**Problem statement:** From the records below, set down exactly the lines starting with the line that contains "Mittagspause am Strand" and going on through the line that contains "Building Stress Management Skills". Nothing else is wanted.

**Given data:**

*** Begin section ***

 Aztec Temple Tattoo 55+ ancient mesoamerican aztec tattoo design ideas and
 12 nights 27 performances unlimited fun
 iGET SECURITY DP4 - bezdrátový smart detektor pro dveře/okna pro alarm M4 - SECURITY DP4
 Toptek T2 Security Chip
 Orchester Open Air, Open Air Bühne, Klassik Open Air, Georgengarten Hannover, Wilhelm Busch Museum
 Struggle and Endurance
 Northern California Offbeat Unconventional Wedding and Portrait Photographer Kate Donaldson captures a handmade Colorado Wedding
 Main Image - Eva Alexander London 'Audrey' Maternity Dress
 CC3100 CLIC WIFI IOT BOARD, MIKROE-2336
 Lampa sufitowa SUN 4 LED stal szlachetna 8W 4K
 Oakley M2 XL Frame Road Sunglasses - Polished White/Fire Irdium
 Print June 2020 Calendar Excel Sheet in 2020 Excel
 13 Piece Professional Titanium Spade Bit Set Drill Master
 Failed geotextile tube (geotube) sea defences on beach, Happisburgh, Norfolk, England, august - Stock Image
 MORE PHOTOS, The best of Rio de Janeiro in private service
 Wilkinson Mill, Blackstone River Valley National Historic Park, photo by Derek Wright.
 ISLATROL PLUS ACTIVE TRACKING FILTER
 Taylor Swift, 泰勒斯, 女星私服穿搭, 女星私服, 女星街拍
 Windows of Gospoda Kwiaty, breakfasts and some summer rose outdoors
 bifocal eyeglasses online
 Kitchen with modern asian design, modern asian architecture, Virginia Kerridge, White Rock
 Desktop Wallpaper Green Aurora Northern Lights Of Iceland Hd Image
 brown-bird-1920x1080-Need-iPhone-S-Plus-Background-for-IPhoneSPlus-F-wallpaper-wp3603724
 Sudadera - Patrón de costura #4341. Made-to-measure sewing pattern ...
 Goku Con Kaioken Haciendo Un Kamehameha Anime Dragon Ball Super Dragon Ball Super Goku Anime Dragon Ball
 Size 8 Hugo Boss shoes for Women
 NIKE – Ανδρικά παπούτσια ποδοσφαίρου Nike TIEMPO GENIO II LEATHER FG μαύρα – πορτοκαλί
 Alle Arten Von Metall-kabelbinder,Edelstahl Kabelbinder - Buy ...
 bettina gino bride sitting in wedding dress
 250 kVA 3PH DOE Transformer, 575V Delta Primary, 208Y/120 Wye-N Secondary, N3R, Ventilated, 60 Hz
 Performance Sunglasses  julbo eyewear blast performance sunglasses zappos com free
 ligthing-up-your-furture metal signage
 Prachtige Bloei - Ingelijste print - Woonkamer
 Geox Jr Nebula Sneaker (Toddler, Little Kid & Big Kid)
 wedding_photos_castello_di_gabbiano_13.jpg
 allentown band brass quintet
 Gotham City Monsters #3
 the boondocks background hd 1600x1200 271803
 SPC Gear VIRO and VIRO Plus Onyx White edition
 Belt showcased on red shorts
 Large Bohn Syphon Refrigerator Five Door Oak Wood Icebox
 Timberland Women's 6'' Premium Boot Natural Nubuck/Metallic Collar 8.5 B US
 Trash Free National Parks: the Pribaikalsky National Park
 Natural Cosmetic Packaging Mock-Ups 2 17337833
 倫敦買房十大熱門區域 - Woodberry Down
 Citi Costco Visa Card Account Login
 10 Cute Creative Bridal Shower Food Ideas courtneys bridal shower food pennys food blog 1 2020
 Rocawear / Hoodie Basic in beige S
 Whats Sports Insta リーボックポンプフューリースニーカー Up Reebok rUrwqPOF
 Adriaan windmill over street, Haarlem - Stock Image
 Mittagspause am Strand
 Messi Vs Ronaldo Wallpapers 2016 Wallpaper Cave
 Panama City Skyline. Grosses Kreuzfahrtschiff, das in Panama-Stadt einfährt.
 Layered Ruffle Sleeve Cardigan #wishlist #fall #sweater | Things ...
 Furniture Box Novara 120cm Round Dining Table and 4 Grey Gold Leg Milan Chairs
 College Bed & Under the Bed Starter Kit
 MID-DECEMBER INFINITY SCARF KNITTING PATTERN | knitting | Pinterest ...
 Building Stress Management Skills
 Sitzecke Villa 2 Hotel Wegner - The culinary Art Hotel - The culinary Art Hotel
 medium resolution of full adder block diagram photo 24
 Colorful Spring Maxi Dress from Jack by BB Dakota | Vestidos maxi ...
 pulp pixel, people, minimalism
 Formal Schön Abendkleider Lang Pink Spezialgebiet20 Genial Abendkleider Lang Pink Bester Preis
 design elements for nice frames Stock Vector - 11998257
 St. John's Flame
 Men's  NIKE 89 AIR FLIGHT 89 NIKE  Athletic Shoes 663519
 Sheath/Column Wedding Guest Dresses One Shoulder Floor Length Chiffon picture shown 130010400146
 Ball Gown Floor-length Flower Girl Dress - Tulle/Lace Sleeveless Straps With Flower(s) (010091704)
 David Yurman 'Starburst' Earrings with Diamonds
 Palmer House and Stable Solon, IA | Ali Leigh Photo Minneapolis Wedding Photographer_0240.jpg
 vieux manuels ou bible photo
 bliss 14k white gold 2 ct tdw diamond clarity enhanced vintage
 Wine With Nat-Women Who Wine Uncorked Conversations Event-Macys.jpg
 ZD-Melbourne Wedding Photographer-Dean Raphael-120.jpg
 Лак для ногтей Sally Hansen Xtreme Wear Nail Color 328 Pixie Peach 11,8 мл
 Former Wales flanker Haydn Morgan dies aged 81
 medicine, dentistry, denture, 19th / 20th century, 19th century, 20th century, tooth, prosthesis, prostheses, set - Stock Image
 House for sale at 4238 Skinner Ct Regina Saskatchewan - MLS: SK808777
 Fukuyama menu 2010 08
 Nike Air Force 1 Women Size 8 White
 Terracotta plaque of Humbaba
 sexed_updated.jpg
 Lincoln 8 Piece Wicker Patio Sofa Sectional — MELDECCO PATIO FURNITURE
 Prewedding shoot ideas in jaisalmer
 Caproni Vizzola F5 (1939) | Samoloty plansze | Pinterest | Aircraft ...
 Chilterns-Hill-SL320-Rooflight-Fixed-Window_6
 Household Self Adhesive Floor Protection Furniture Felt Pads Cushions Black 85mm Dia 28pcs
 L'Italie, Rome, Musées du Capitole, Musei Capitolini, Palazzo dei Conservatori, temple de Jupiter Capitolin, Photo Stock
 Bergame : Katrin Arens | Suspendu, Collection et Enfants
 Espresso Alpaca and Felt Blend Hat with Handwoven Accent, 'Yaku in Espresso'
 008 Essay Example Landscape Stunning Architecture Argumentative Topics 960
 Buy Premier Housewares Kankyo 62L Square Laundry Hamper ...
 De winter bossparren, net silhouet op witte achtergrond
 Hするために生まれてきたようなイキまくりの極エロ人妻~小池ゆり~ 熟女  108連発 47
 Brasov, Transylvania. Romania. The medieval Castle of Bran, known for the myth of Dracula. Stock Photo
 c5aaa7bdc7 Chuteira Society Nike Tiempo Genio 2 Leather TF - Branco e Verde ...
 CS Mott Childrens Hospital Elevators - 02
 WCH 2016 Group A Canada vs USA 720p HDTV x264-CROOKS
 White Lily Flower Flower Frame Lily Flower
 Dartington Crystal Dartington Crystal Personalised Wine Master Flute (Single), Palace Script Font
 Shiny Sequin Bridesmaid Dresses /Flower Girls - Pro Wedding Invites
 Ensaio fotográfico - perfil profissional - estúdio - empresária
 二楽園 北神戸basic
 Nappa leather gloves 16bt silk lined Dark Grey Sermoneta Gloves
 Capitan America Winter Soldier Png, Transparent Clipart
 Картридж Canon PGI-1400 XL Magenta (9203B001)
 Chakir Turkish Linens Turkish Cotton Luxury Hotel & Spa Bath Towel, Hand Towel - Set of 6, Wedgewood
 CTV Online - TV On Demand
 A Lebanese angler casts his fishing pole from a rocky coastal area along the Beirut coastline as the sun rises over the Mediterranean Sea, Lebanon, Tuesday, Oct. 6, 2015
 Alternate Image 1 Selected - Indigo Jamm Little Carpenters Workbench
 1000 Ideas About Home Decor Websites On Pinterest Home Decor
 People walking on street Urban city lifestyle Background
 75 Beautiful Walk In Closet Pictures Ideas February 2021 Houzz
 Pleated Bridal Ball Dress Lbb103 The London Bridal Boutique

*** End section ***

**Task solution:**
 Mittagspause am Strand
 Messi Vs Ronaldo Wallpapers 2016 Wallpaper Cave
 Panama City Skyline. Grosses Kreuzfahrtschiff, das in Panama-Stadt einfährt.
 Layered Ruffle Sleeve Cardigan #wishlist #fall #sweater | Things ...
 Furniture Box Novara 120cm Round Dining Table and 4 Grey Gold Leg Milan Chairs
 College Bed & Under the Bed Starter Kit
 MID-DECEMBER INFINITY SCARF KNITTING PATTERN | knitting | Pinterest ...
 Building Stress Management Skills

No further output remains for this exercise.